What is Kurtosis?

In this video I explain the concept of kurtosis. I explain the terminology for kurtosis coined by Karl Pearson, a number of common misconceptions related to kurtosis, how kurtosis is calculated for a sample, and how kurtosis is interpreted for assumptions about normality and the detection of outliers.

DeCarlo (1997) On the Meaning and Use of Kurtosis http://www.columbia.edu/~ld208/psymeth97.pdf

Westfall (2014) Kurtosis as Peakedness; 1905-2014 R.I.P https://www.ncbi.nlm.nih.gov/pmc/articles/PMC4321753/

Video Transcript

Hi, I’m Michael Corayer and this is Psych Exam Review. In the videos on skew we looked at one way that a distribution can differ from a normal distribution and this was in terms of symmetry. So a normal distribution is perfectly symmetrical but a distribution could be asymmetrical and have positive or negative skew.

Now we’re going to look at another way that a distribution can differ from normality and this is in terms of the heaviness of its tails. So a distribution can have heavier or lighter tails compared to a normal distribution and this will give it what’s called positive or negative kurtosis.

Now kurtosis is not emphasized in most introductory courses and part of the reason for this is that it’s very hard to judge visually, especially without any direct comparison to a normal curve, and this can make it feel somewhat vague. It’s also the case that there’s a number of misconceptions about kurtosis and these can also lead to some confusion.

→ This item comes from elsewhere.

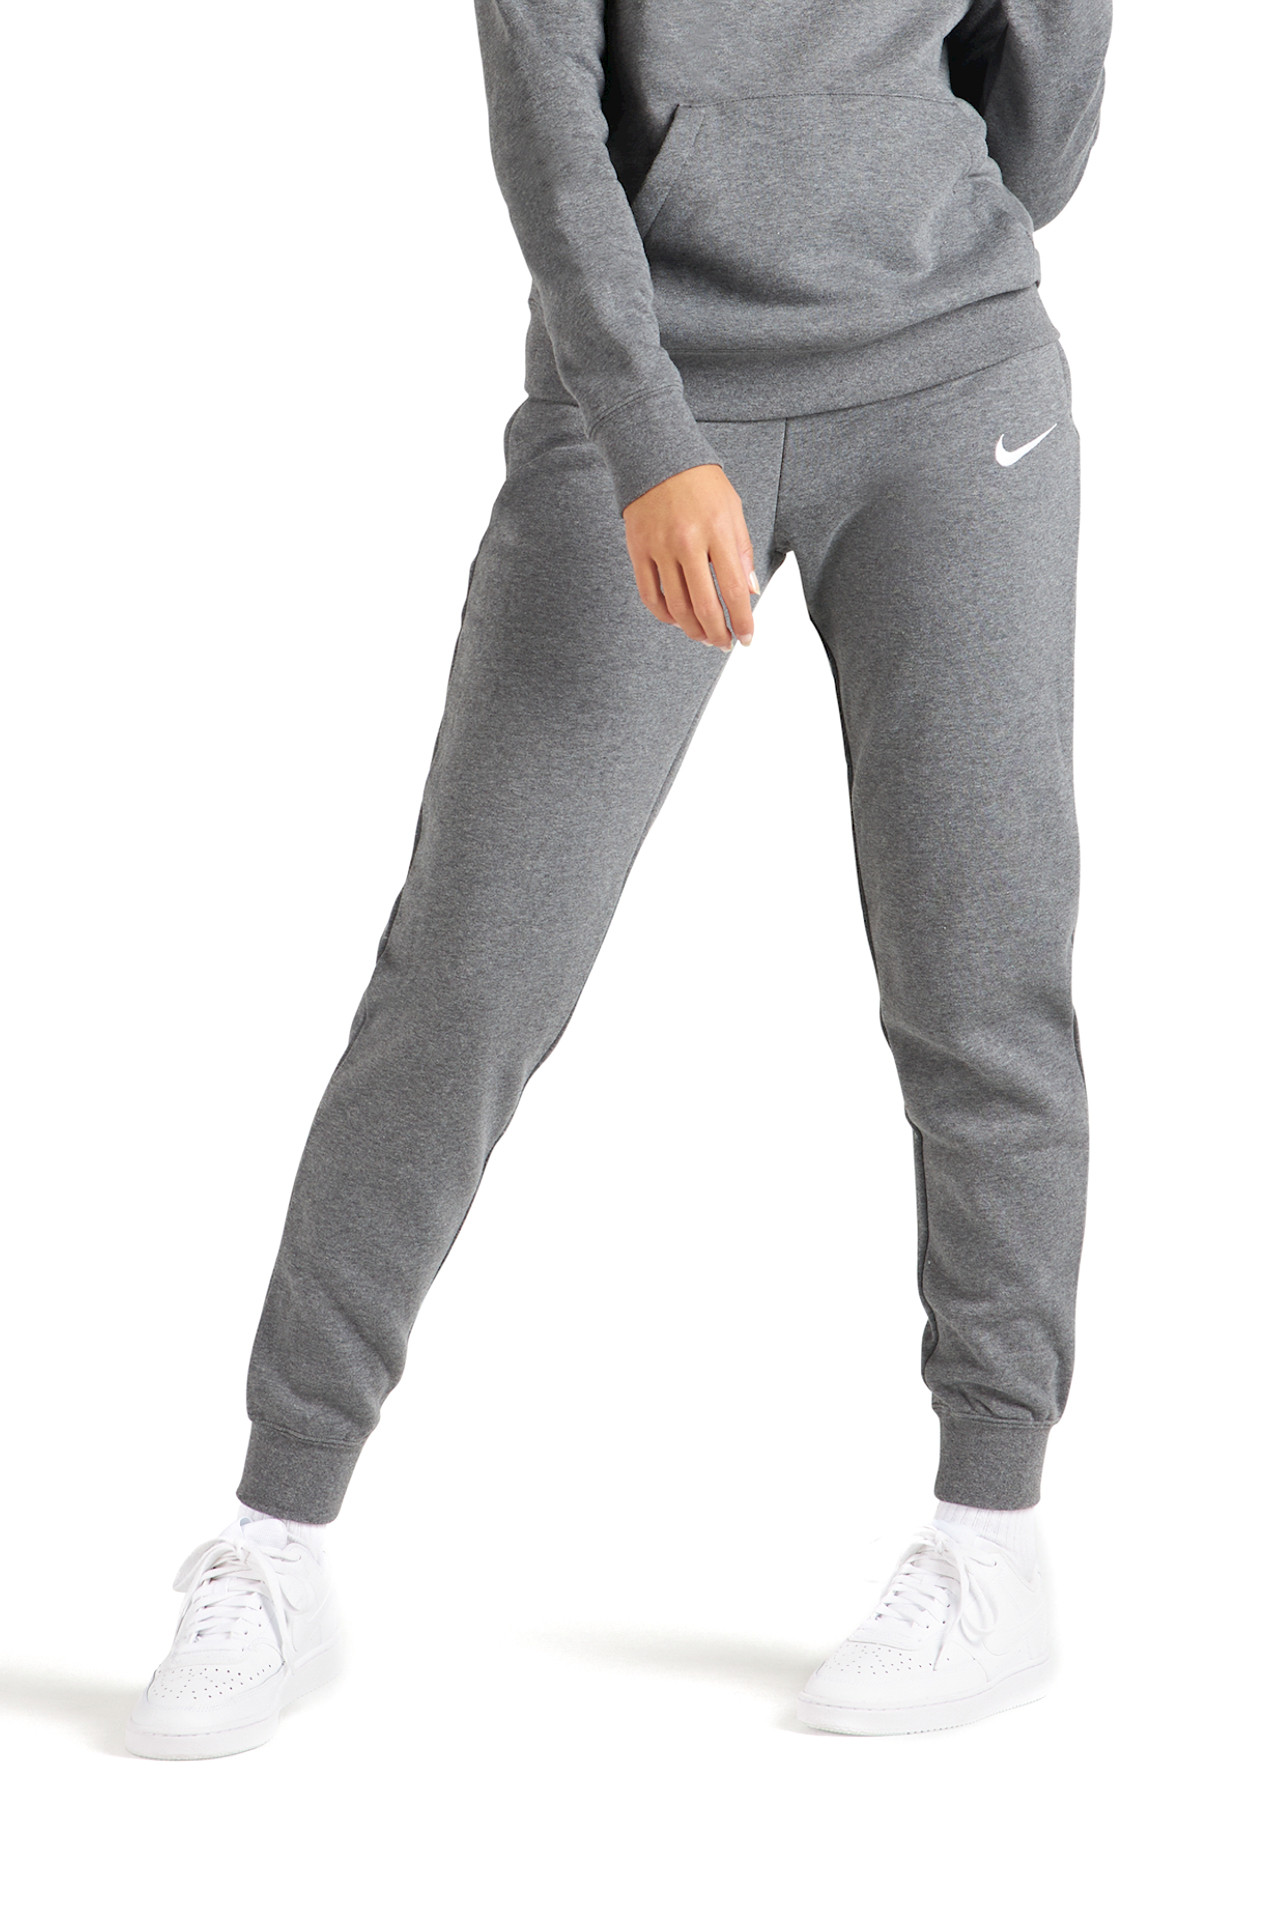 Adviser calm down Lean Pantalon de trening Nike pentru Femei Wmns Fleece Pants CW6961_071

So let’s start by getting a sense of what I mean by the tails of the distribution. We can think of a distribution as having three sections; we have the center or the peak and this refers to scores that fall less than a standard deviation away from the mean. And then we move to what we can call the shoulders of the distribution, and this would refer to scores that fall around one standard deviation away from the mean on either side. And then lastly we have the tails and this would refer to the scores that fall more than a standard deviation away from the mean. So now that have a sense of these different parts of a distribution, we can look at some of the somewhat misleading terminology that’s used to talk about kurtosis.

So let’s look at some of the basic terms for talking about kurtosis and these were coined by Karl Pearson in 1905. And we can start with kyrtos and this is where we get kurtosis, and this is the Greek for curved or bulging or convex. And what we’ll see is we have three different prefixes that we can attach to this; we have lepto, meso, and platy. And so if we have a mesokurtic distribution, meso comes from the word for middle, and so this is sort of our middle comparison point. And this is because a normal curve is an example of a mesokurtic distribution. And if we look at its sort of raw kurtosis score we’ll get a value of three and so what we’re going to do to make this our point of comparison is when we calculate the kurtosis, we’re really looking for what we can call the “excess kurtosis”. We want to see, how much does it differ from 3? And so later when we look at the formula we’ll see we’re going to calculate the kurtosis and then we’re going to subtract 3 from it, in order to make a comparison to a normal distribution. And so we have two ways we can vary; we could have more kurtosis than a normal distribution, or we could have less kurtosis than a normal distribution.

Now if we have more kurtosis than a normal distribution this is where we’re going to use this term lepto. So lepto comes from the Greek for “thin”. Now it’s not commonly used in other English words but you might see it if you think of the hormone leptin. This is a hormone that signals satiety and reduces the hunger signal, but the thinness here is referring to the peak of the distribution. And as we’re going to see this is really not a good way to name this, right? This is part of the reason we have some misconceptions. What we should focus on instead when we look at a leptokurtic distribution or positive kurtosis.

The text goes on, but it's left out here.